Ein Ziel, das auch das EBERwerk verfolgt. Doch anders als die Firma Rothmoser, die sich mit ihrer Energieversorgung auf eine Gemeinde konzentriert, verfolgt das von 19 Landkreisgemeinden getragene EBERwerk den Ansatz, gleich einen ganzen Landkreis mit Ökostrom zu versorgen. Für Geschäftsführer Markus Henle ein Ansatz, der sich vor allem dank der dezentralen Energiewende umsetzen lässt: Bedarfsgerecht können Anlangen gebaut werden, einzelne Stellschrauben zur Energieeinsparung in den Gemeinden (wie etwa die Straßenbeleuchtung) identifiziert und nachjustiert werden und zugleich können die Menschen genau sehen, woher der Strom eigentlich kommt, der aus ihrer Steckdose fließt.
 
Für Markus Henle ist genau das – die „höhere soziale Gerechtigkeit", wie er sagt – ein Argument für die Energiewende. Damit meint er, dass „wir unseren Energiebedarf von den Ressourcen decken, die wir bei uns gewinnen und dafür auch die ein oder andere Einschränkung in Kauf nehmen."
 
Es war einer der Sätze des Abends, in deren wenigen Worten viel Wahrheit steckte. Der Protest und die Verweigerungshaltung gegenüber den Quellen erneuerbarer Energien, wie etwa Windräder oder Freiflächen-PV, entstammt oft einer „not in my backyard"-Haltung: „Energiewende schön und gut, aber bitte nicht hier vor meiner Haustür, wo ich das sehen muss", könnte man auch sagen.
 
Doch die dezentrale Energiewende macht genau das: Sie demokratisiert die Auseinandersetzung mit der Herstellung des Stroms, den man selbst verbraucht.
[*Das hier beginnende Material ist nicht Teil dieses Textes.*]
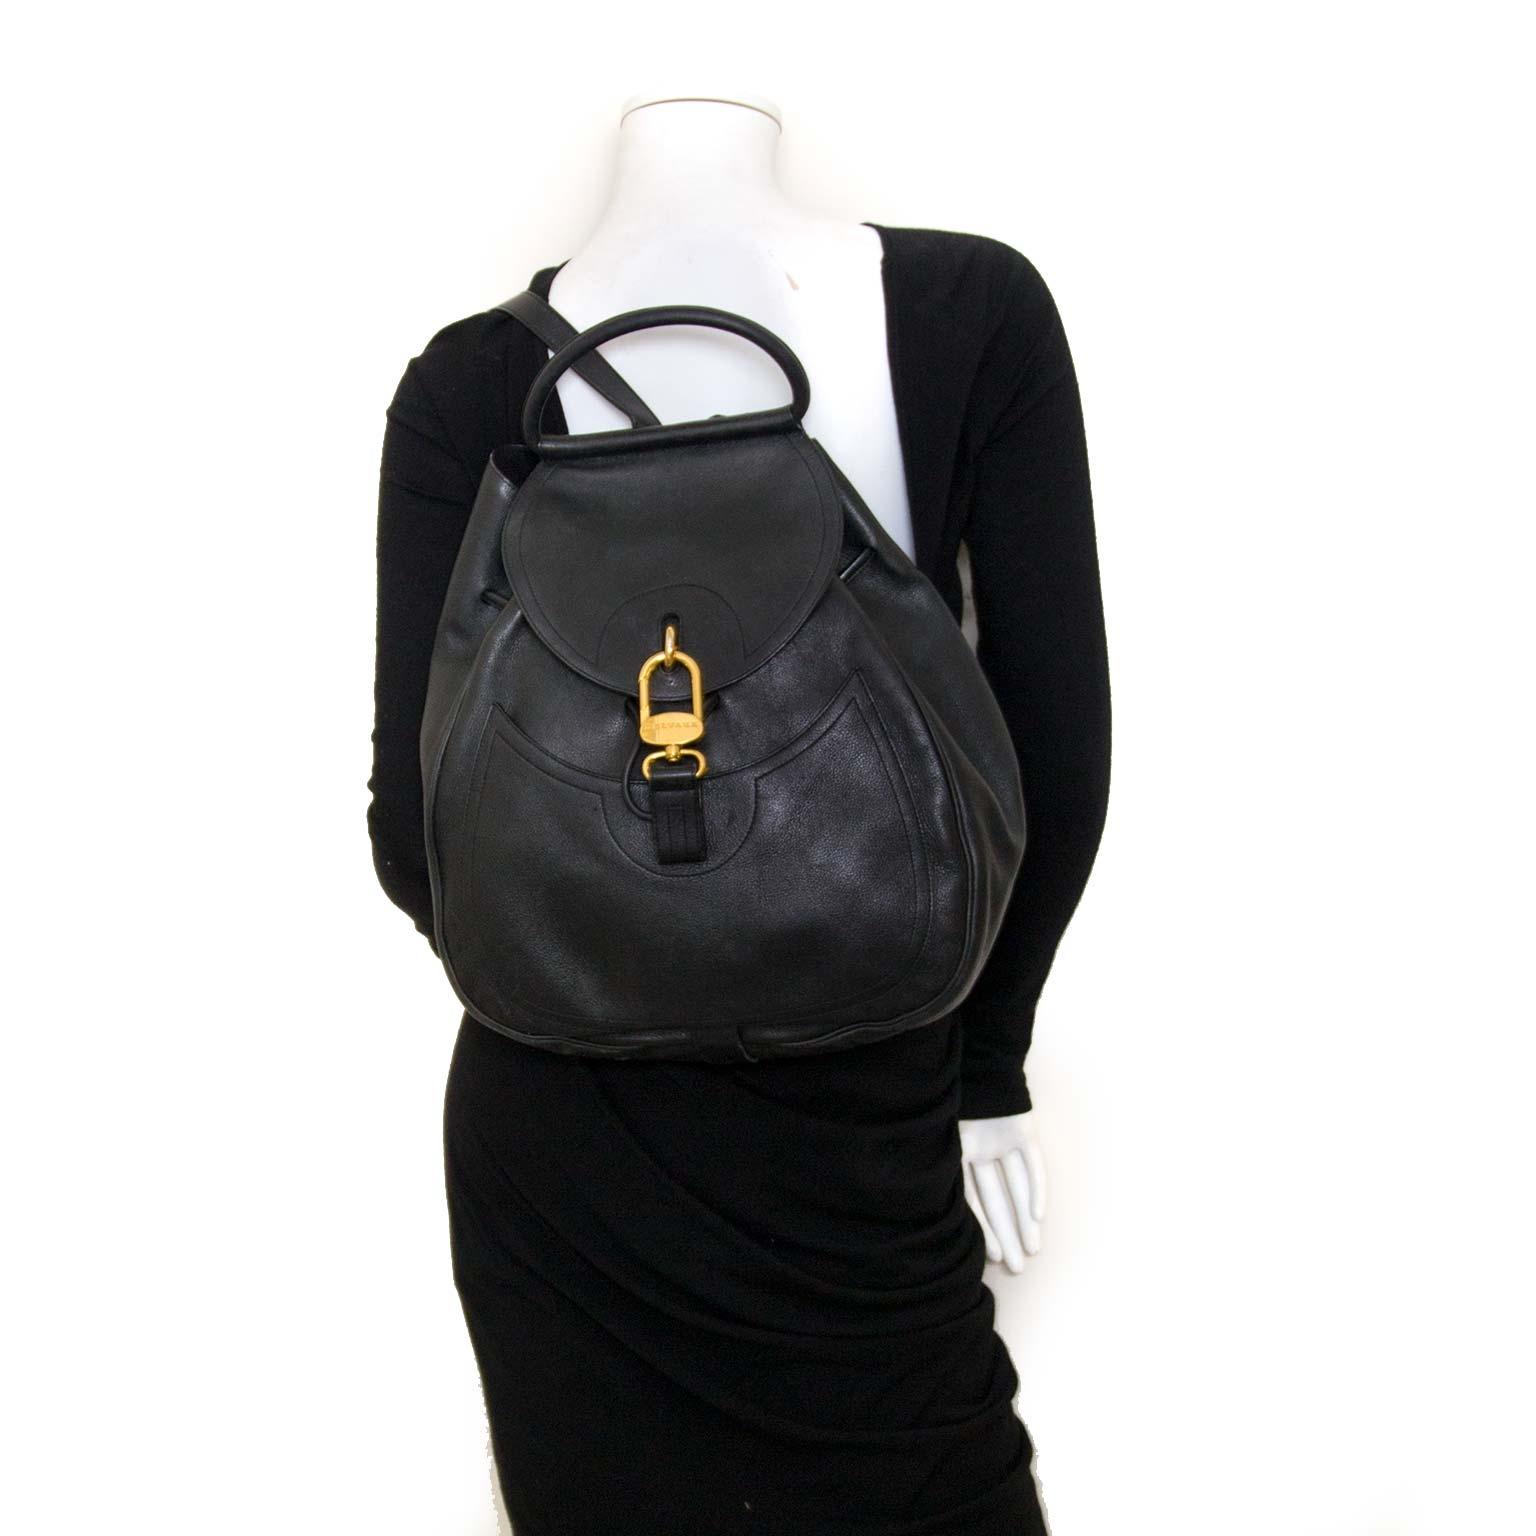 Delvaux Black Cerceau Bag acheter en ligne chez labellov.com pour le meilleur prix
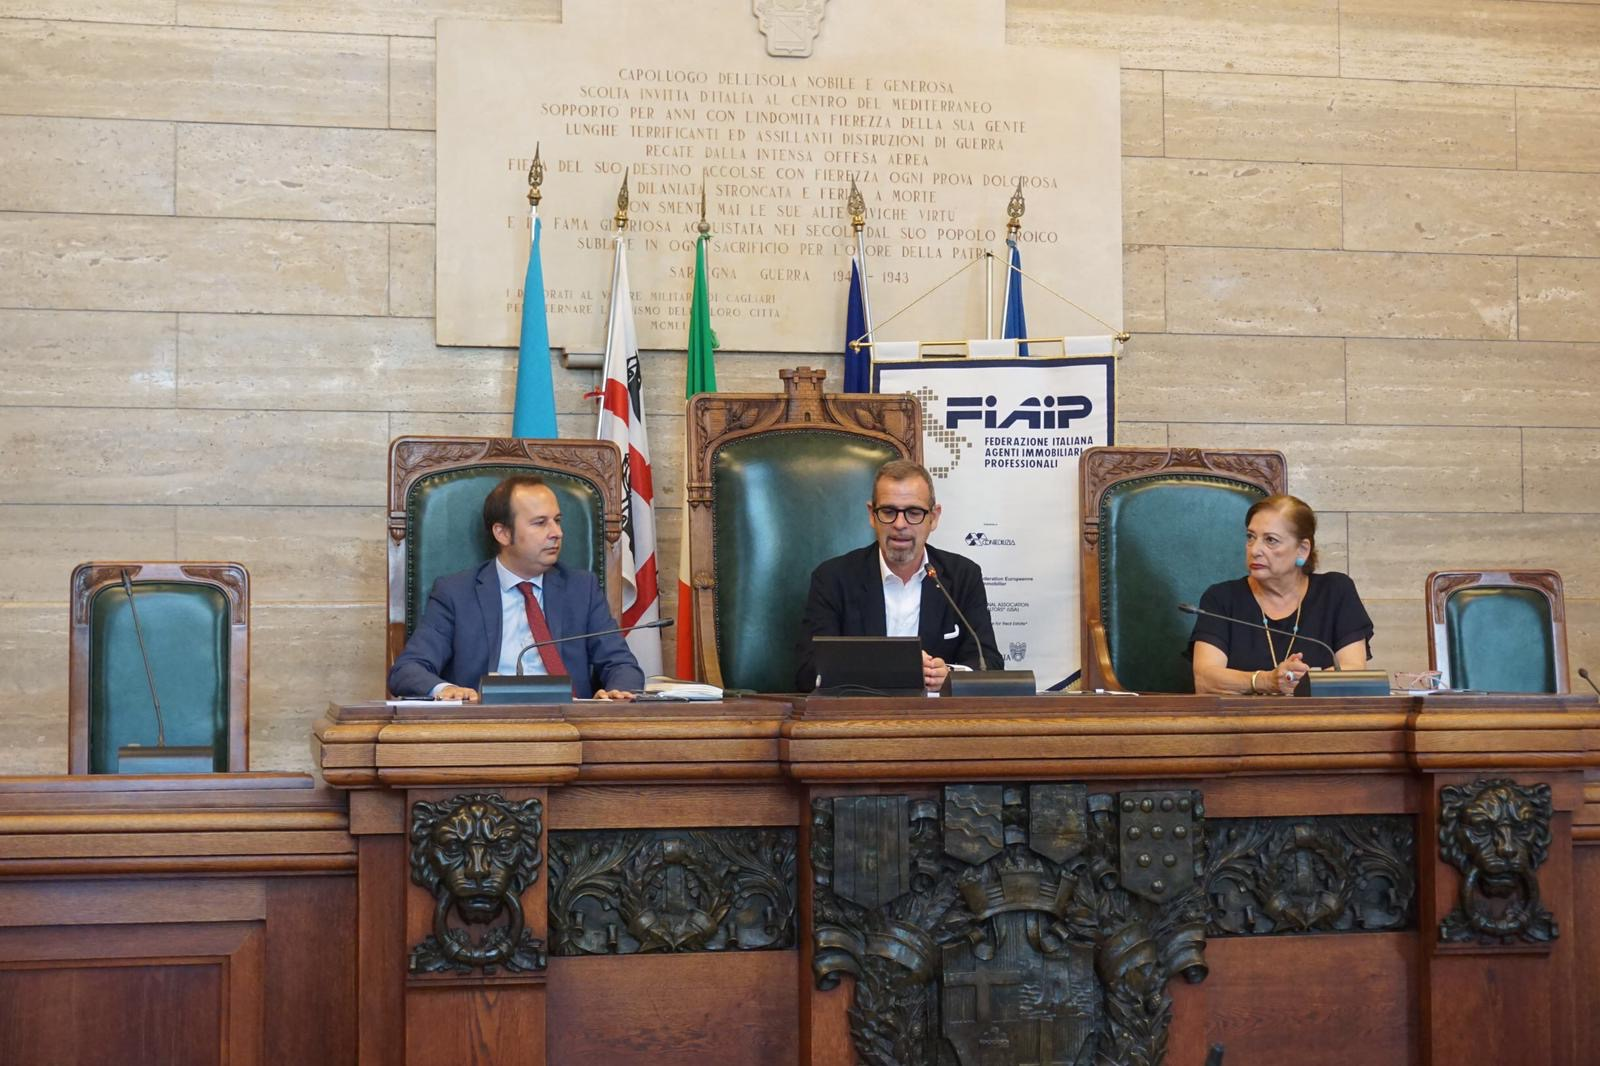 Fiaip: A Cagliari presentato l'Osservatorio immobiliare della Provincia 'storica' di Cagliari

Das ist eine Revolution, die viel zu selten gewürdigt wird. Früher war das anders: Die Bürger*innen des Rheinlandes sind nicht gefragt worden, ob sie über ein Jahrhundert hinweg Dorf um Dorf opfern wollen, damit die weggebaggerte Heimat zu Strom verbrannt wird.
 
Heute aber können Bürger*innen sogar mitentscheiden, ob und wie viele Windräder, Freiflächen- oder Dach-PV-Anlagen sie gerne tragen wollen; Jeder ein Stück, das ist die große, faire Chance der dezentralen Energiewende. An diese Teilhabe erinnerte auch Lisa Rüttgers, als sie in ihrem Vortrag das Ratsbegehren ansprach, das im Mai kommenden Jahres klären soll, ob die Bürger*innen im Landkreis Ebersberg mit der Errichtung von fünf Windrädern im Forst einverstanden sind.
 
Die Klimaschutzmanagerin des Landkreises, die im August die Nachfolge von Hans Gröbmayr antrat, machte deutlich, welche Änderungen darüber hinaus noch notwendig sind, wenn die Gesellschaft das Ziel der Klimaneutralität wirklich ernst nimmt: Ein völlig anderes Konsum- und Ernährungsverhalten, eine umgestaltete Mobilität – unterfüttert mit einer Studie des Wuppertal-Instituts zeigte sie, dass der radikale Ausbau der erneuerbaren Energien im Landkreis da noch die kleinste Herausforderungen für die Bürger*innen sein dürfte.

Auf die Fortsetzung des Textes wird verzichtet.